DPRK Briefing Book: North Korea and the South Korean Economy

DPRK Briefing Book: North Korea and the South Korean Economy

DPRK Briefing Book: North Korea and the South Korean Economy

Nautilus Institute PFO 03-13A:

Marcus Noland
Senior Fellow, Institute for International Economics, February 21, 2003.

A few years back I asked a South Korean Minister of Finance if he took North Korean behavior into account when formulating South Korean economic policy. “No,” he replied, “those guys in the North are crazy. We don’t pay any attention to them.”

More recently I met with an associate of the incoming Roh Moo-hyun government. When asked which outcome he preferred-North Korea with an ongoing nuclear weapons assembly line or its collapse and absorption by South Korea a la Germany-he chose the former. “We couldn’t afford [the collapse outcome]-the US would have to pay for it.”

This paper will make the following three arguments: (1) engagement with the aim of transforming North Korea is a desirable policy from the standpoint of South Korea; (2) collapse and absorption along German lines would not be catastrophic for South Korea; and (3) regardless of South Korea’s stance toward the North, it remains economically vulnerable to the vagaries of North Korean behavior.

Engagement

The rationale for an engagement policy is quite simple. Pyongyang already holds Seoul hostage with its forward-deployed artillery. The marginal increase in effective threat associated with revitalization of the North Korean economy is minimal.
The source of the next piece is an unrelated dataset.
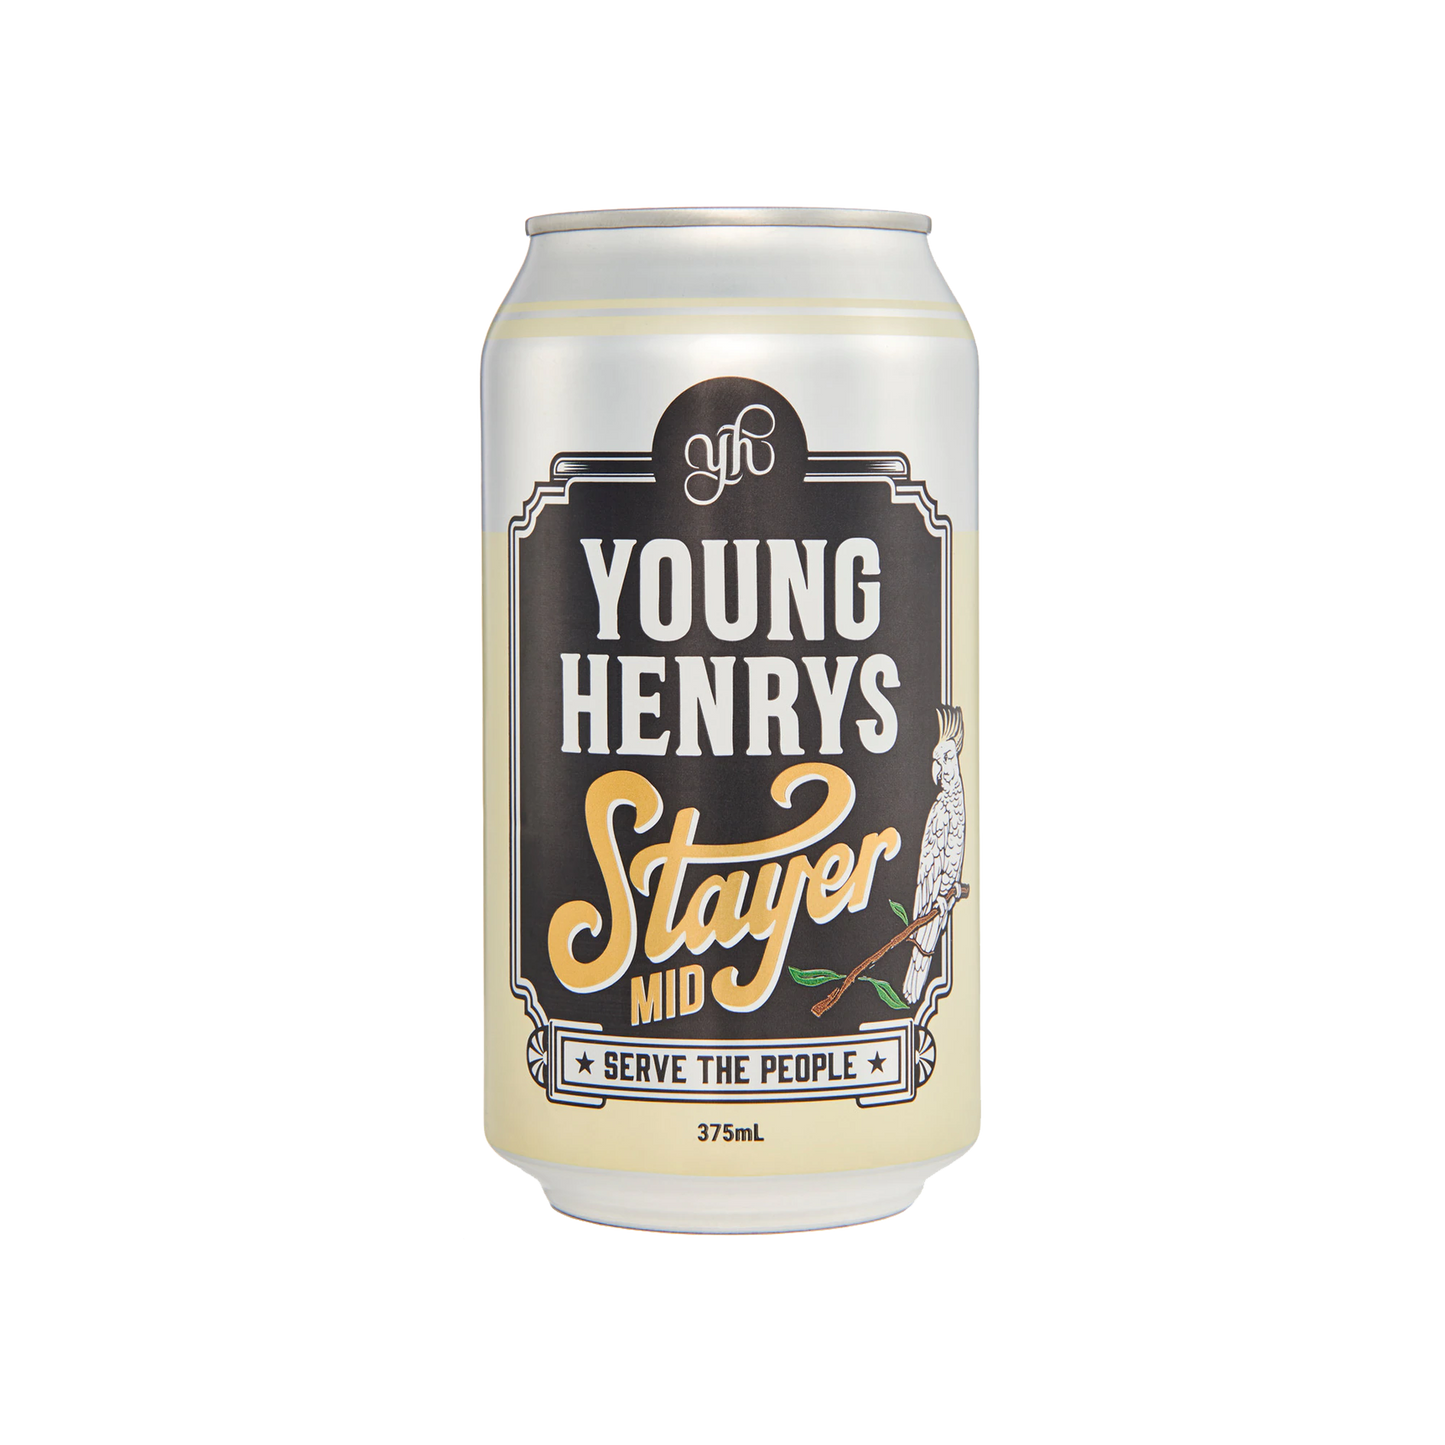 Young Henrys Stayer 375ml

Ergo, it is worth engaging with the North and hoping that through a policy of engagement either Pyongyang will evolve toward a less threatening regime, or engagement will undermine the ideological basis of the Kim Jong-il regime and eventually cause its collapse. Either way the military threat to Seoul is eliminated. (Parenthetically, the same cost-benefit calculus does not hold for the United States, which has strategic interests beyond the Korean peninsula, and this creates the real basis for divergence in US and South Korean preferences regarding engagement with the North.)

The risks for South Korea of this engagement strategy are not the ones that would create symmetric dependency as is sometimes alleged. Economic integration with the North would have a trivial impact on the far larger and richer South Korean economy but would have a huge impact on the smaller, poorer North Korean economy. The disparity in the relative economic impact would be reinforced by disparity in political and social impact as well. In sum, the process of economic integration would create highly asymmetric dependency in favor of the South.

The real threat to the South of economic integration lies elsewhere. The South Korean economy has real problems with non-transparent and corrupt government-business relations. In the North, there is no real difference between the state and the economy. Any large-scale economic integration between the North and the South will be by its very nature a highly politicized process, and will in all likelihood retard progress in cleaning up business-government relations in the South. This does not have to be: There are ways, through the tax code for example, to encourage South Korean economic integration with the North in a transparent and relatively efficient manner. But these approaches have not been tried by Seoul.

Collapse

My impression is that over the past decade, South Koreans have swung from an excessively optimistic assessment of their ability to handle an East German-style collapse in the North (“we won’t make the same mistakes the Germans did”) to an excessively pessimistic assessment of collapse and absorption, to the point of fearing it more than an ongoing North Korean nuclear weapons program! On the basic comparisons, the prospective Korean case does look worse than Germany: Compared to South Korea, North Korea is larger and poorer than East Germany was in comparison with West Germany. The one criterion in which the Korean case comes out ahead is demographics: North Korea has a younger population than East Germany and young North Koreans are presumably more risk-taking and adaptable than middle-aged East Germans. Moreover, with a younger population the existing educational and training institutions can play a central role in preparation for the new democratic, market-oriented society. Korea also has the advantage of learning from German mistakes, though it is unclear that it is actually doing so. The conventional wisdom that the fundamental German policy-error was in overvaluing the East German mark at the time of monetary union is wrong and obscures more important lessons of how to manage institutions during the transition.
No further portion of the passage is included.